The barbell shape of the subjects’ age distribution wouldn’t make sense if the researchers knew they were going to later use the epigenetic clock method.

The researchers did so, although the method’s instructive study noted:

“The standard deviation of age has a strong relationship with age correlation”

and provided further details in “The age correlation in a data set is determined by the standard deviation of age” section.

Didn’t the researchers, their organizations, and their sponsors realize that this study’s problematic design and performance could misdirect readers away from the valid epigenetic clock evidence they referenced? What purposes did it serve for them to publish this study?
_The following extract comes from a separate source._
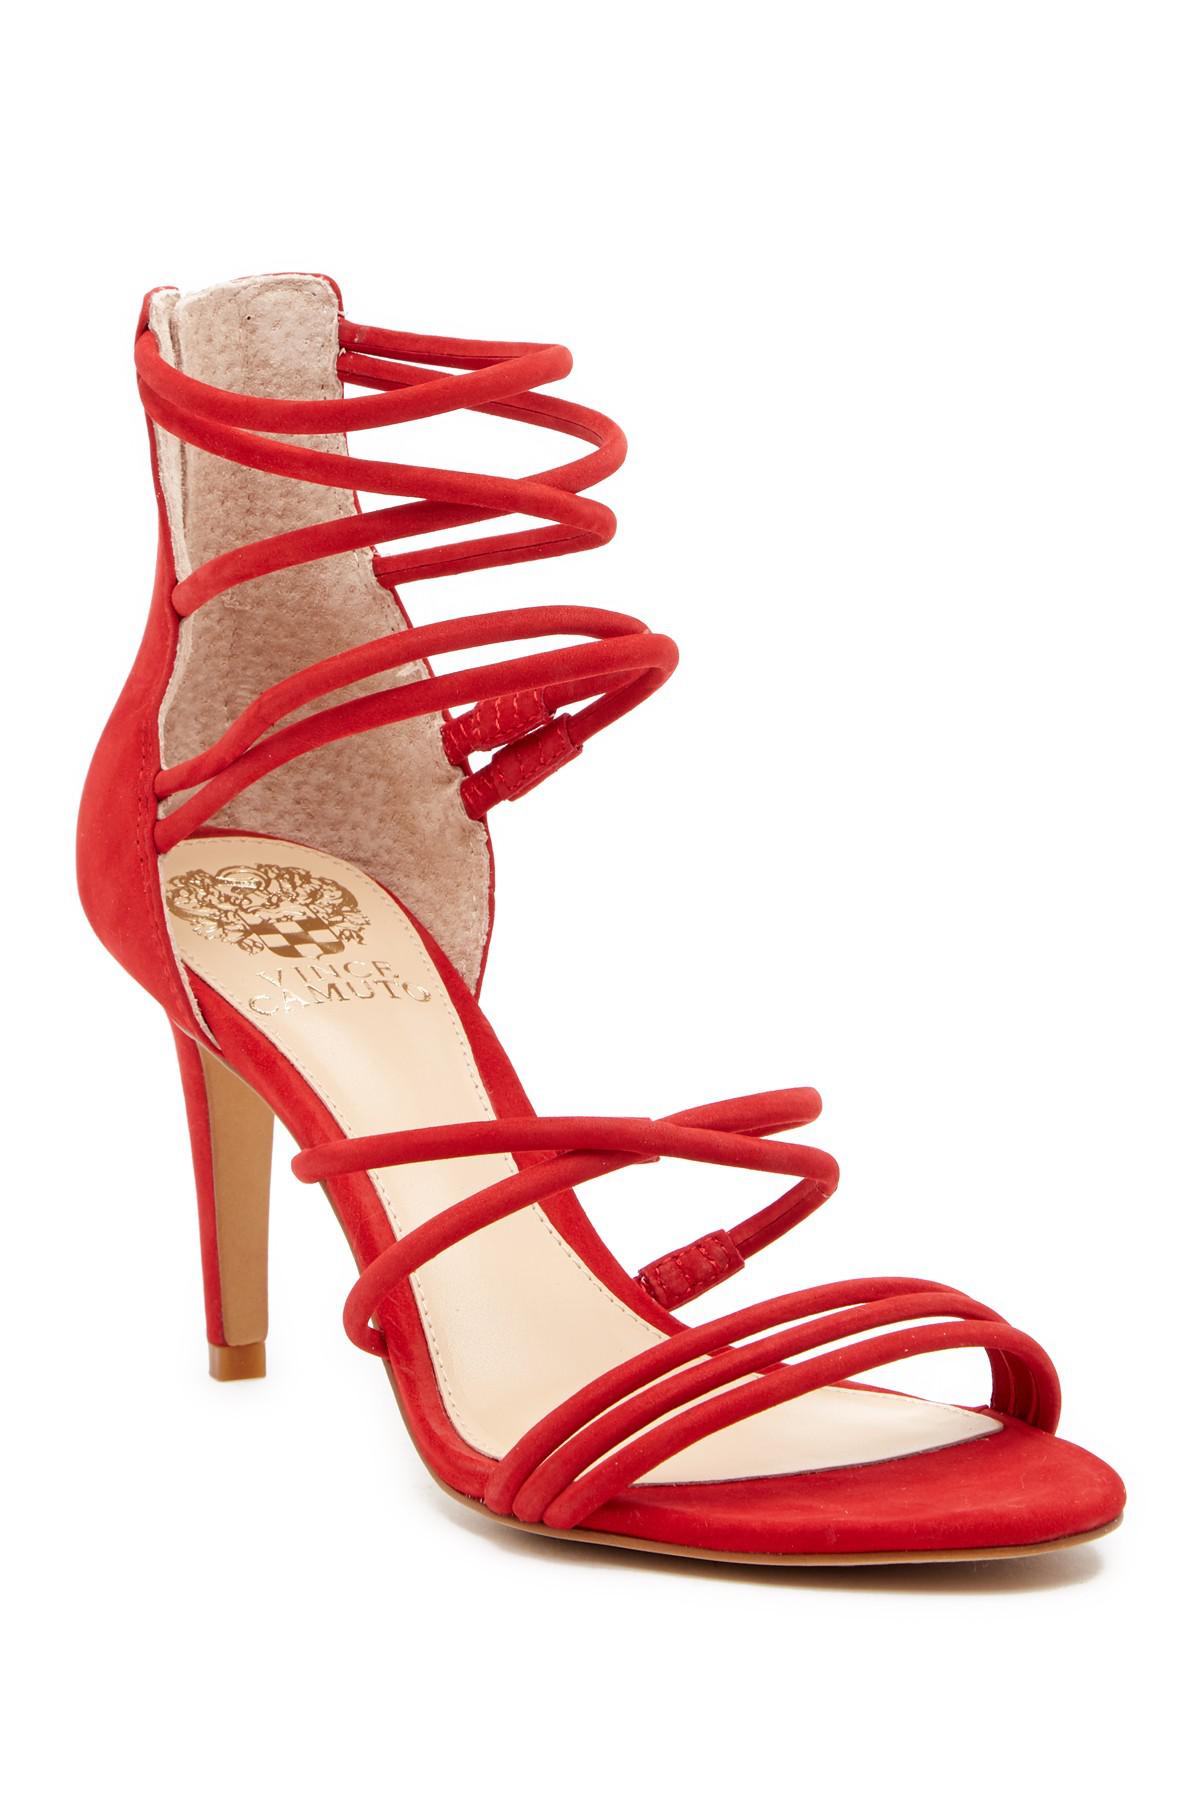 Vince Camuto Cadella Strappy Sandal in Red | Lyst
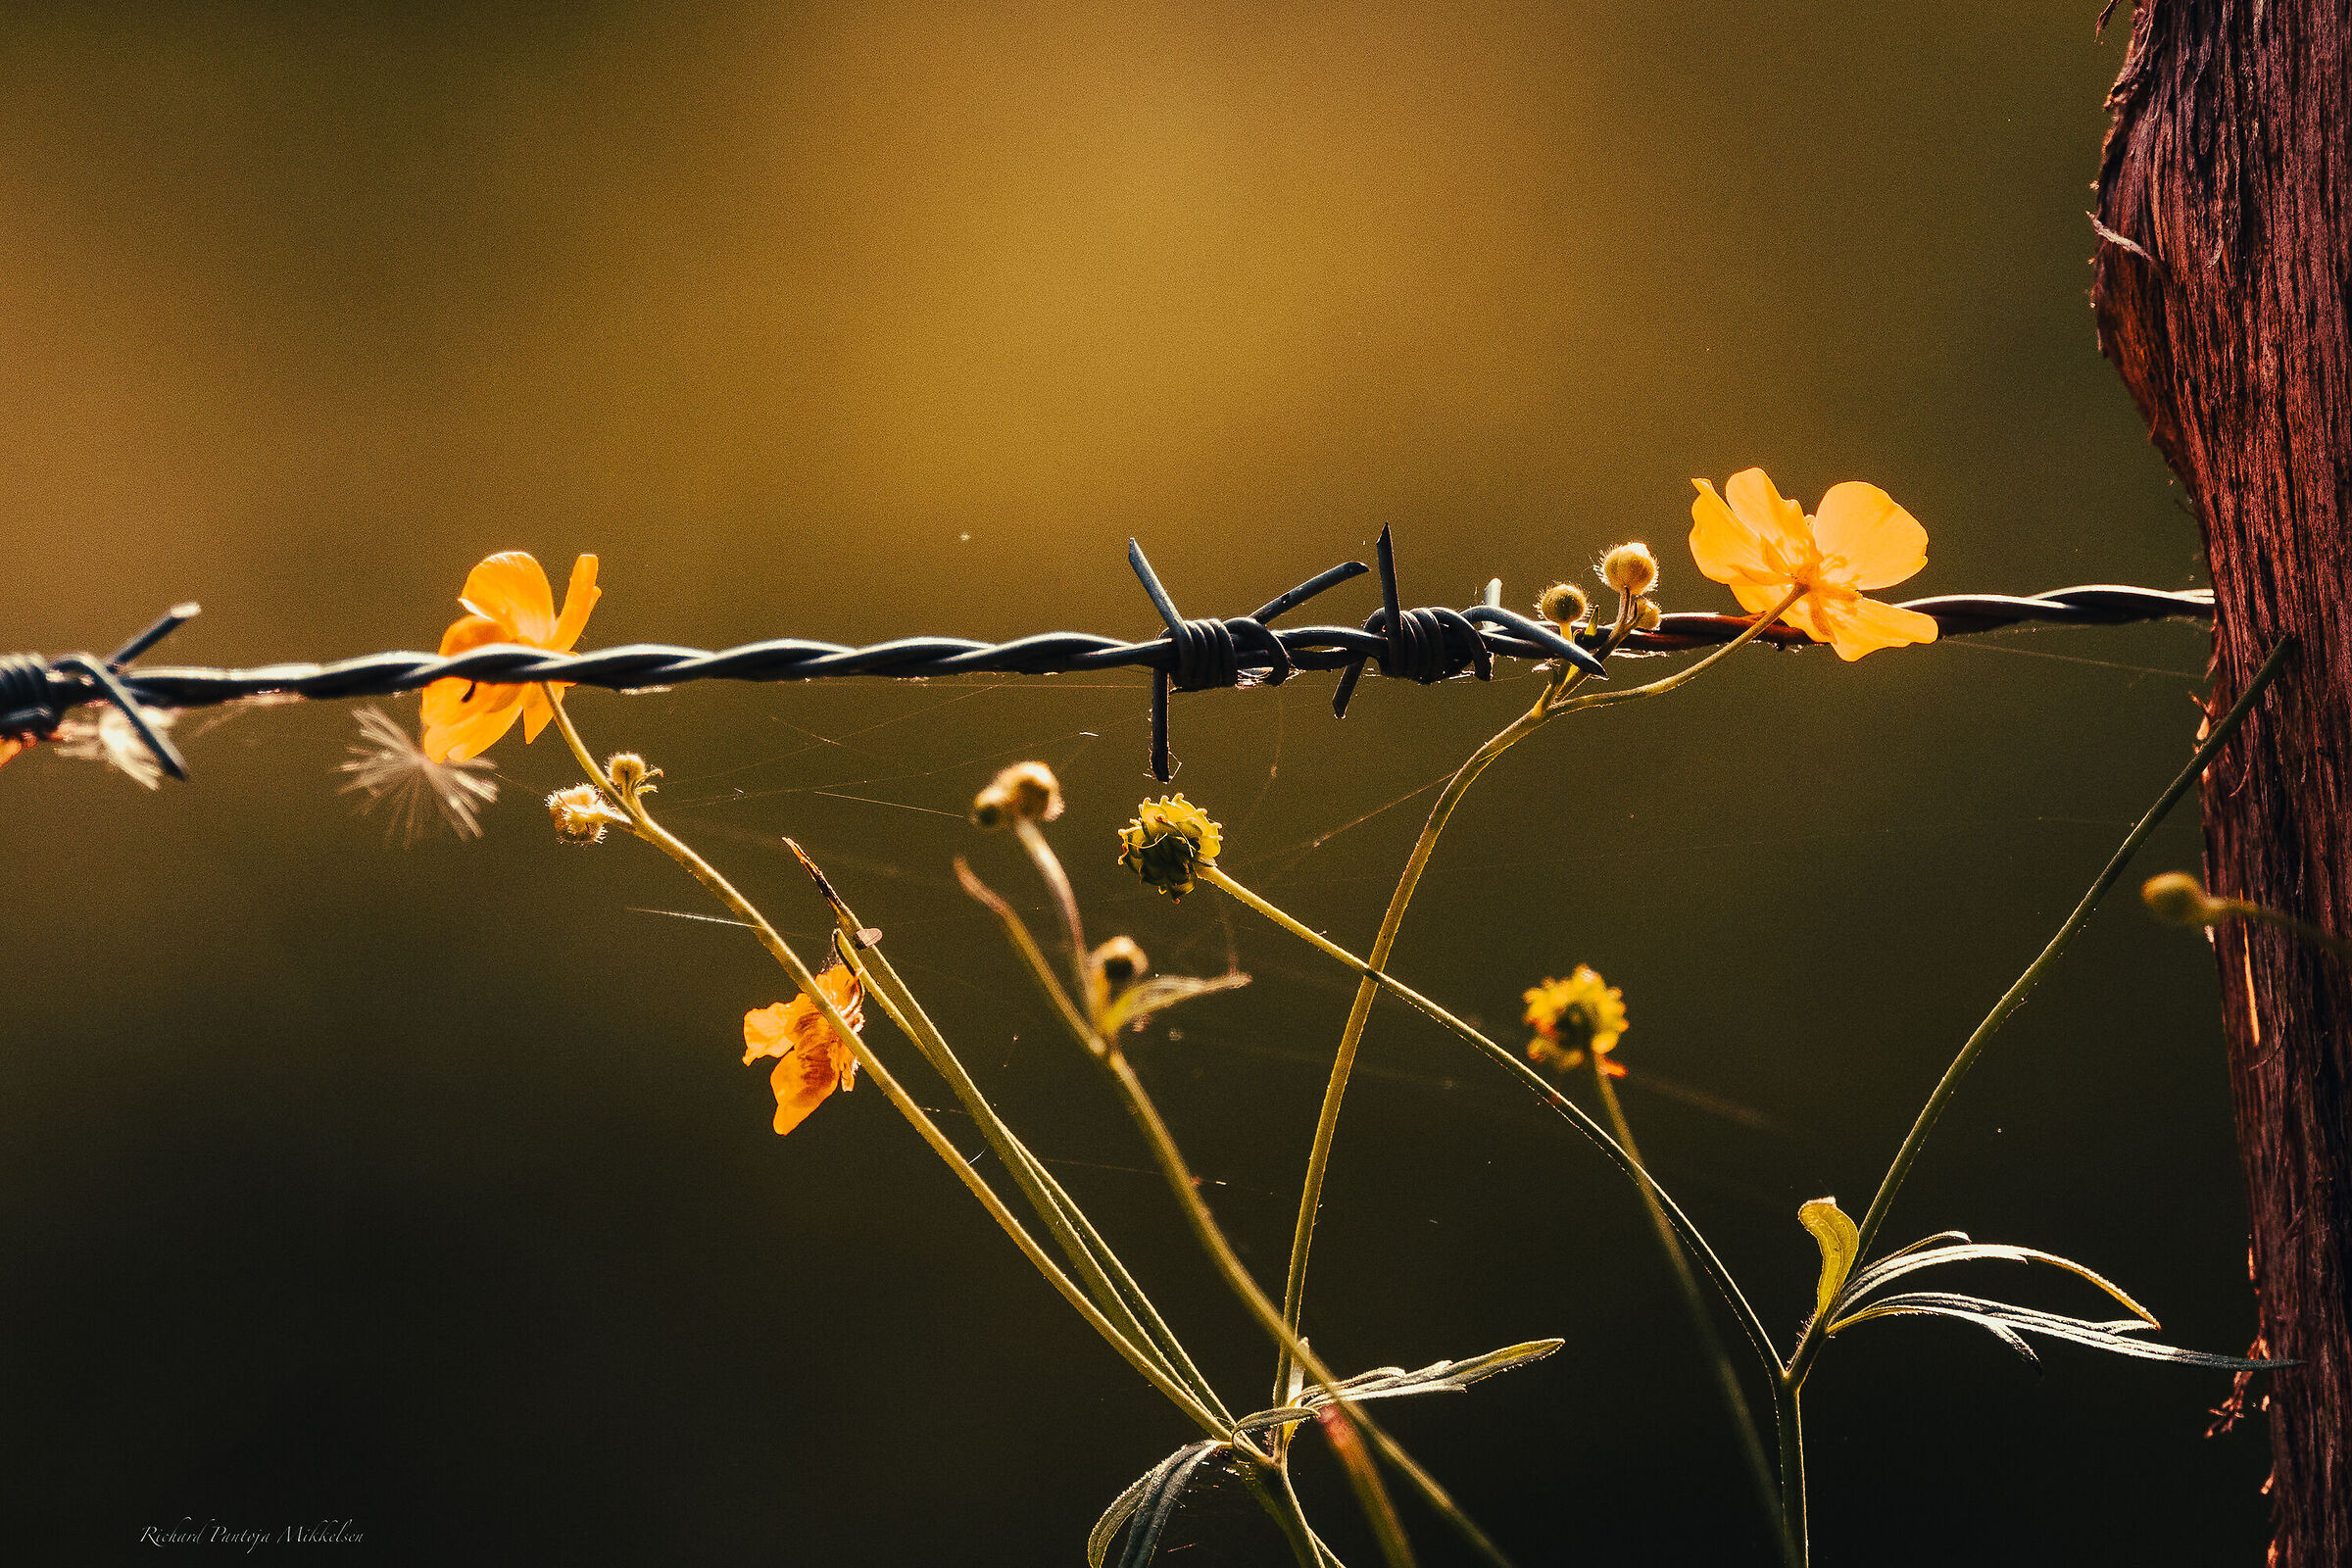 Barbed wire and flowers...

https://academic.oup.com/biomedgerontology/advance-article-abstract/doi/10.1093/gerona/gly184/5076188 “Epigenetic clock and relative telomere length represent largely different aspects of aging in the Berlin Aging Study II (BASE-II)” (not freely available)

Organ epigenetic memory

This 2018 Japanese review subject was the relationships of organ memory and non-communicable diseases:

“Organ memory is the engraved phenotype of altered organ responsiveness acquired by a time-dependent accumulation of organ stress responses. This phenomenon is known as “metabolic memory” or “legacy effect,” which is similar to neuronal and immune memory.

Not only is the epigenetic change of key genes involved in the formation of organ memory but the alteration of multiple factors, including low molecular weight energy metabolites, immune mediators, and tissue structures, is involved as well. These factors intercommunicate during every stress response and carry out incessant remodeling in a certain direction in a spiral fashion through positive feedback mechanisms.

The systematic review revealed that each intervention type, that is:

  • Glucose lowering,
  • Blood pressure lowering, or
  • LDL-cholesterol lowering,

possessed unique characteristics of the memory phenomenon. Most of the observational periods of these studies lasted for > 10 years. Memory phenomenon was suggested to last for a long time and is thought to have a considerable effect on the clinical course of NCDs [non-communicable diseases].

Organs cannot possess consciousness, so it might not be appropriate to consider whether a recalling process exists in organs. However, the properties of organs are incessantly altered by external stimuli loaded on organs as if it is updating.

It is clinically important to investigate whether organ memory can be updated by our behaviors. Once organ memory is established in an organ, organ memory in each organ can influence one another and affect organ memory in a different organ.

Epigenome-modification enzymes, such as histone deacetylases and DNA methyltransferases, and transcription factors seem to be essential for the epigenetic regulation of gene expression, which is involved in the generation of organ memory. Cellular metabolism can epigenetically modulate the expression of genes that are related to the progression of diseases.”


The reviewers asserted:

“Organs cannot possess consciousness, so it might not be appropriate to consider whether a recalling process exists in organs.”

Memory studies don’t require this consciousness to investigate even the brain organ’s areas and functions. Researchers observe memory by measuring stimulus/response items like neuron activation and various levels of behavior. Consciousness is an emergent property.

Regarding recall: An organ’s “engraved phenotype of altered organ responsiveness” may not have recall itself, but it doesn’t have a separate existence apart from its body. An organ can’t be removed from its body for very long and still be part of its body.

When an organ is in its normal state as part of a body, it has access to recall-like functions via the “inter-organ communication of organ memory.” The review also mentioned:

“Organ memory in each organ can influence one another and affect organ memory in a different organ.

Evolution didn’t support unnecessary duplication for a kidney’s memory to include recall because it’s part of a body that includes a brain that has recall. Evolution didn’t duplicate functions of a kidney’s memory in a brain, either.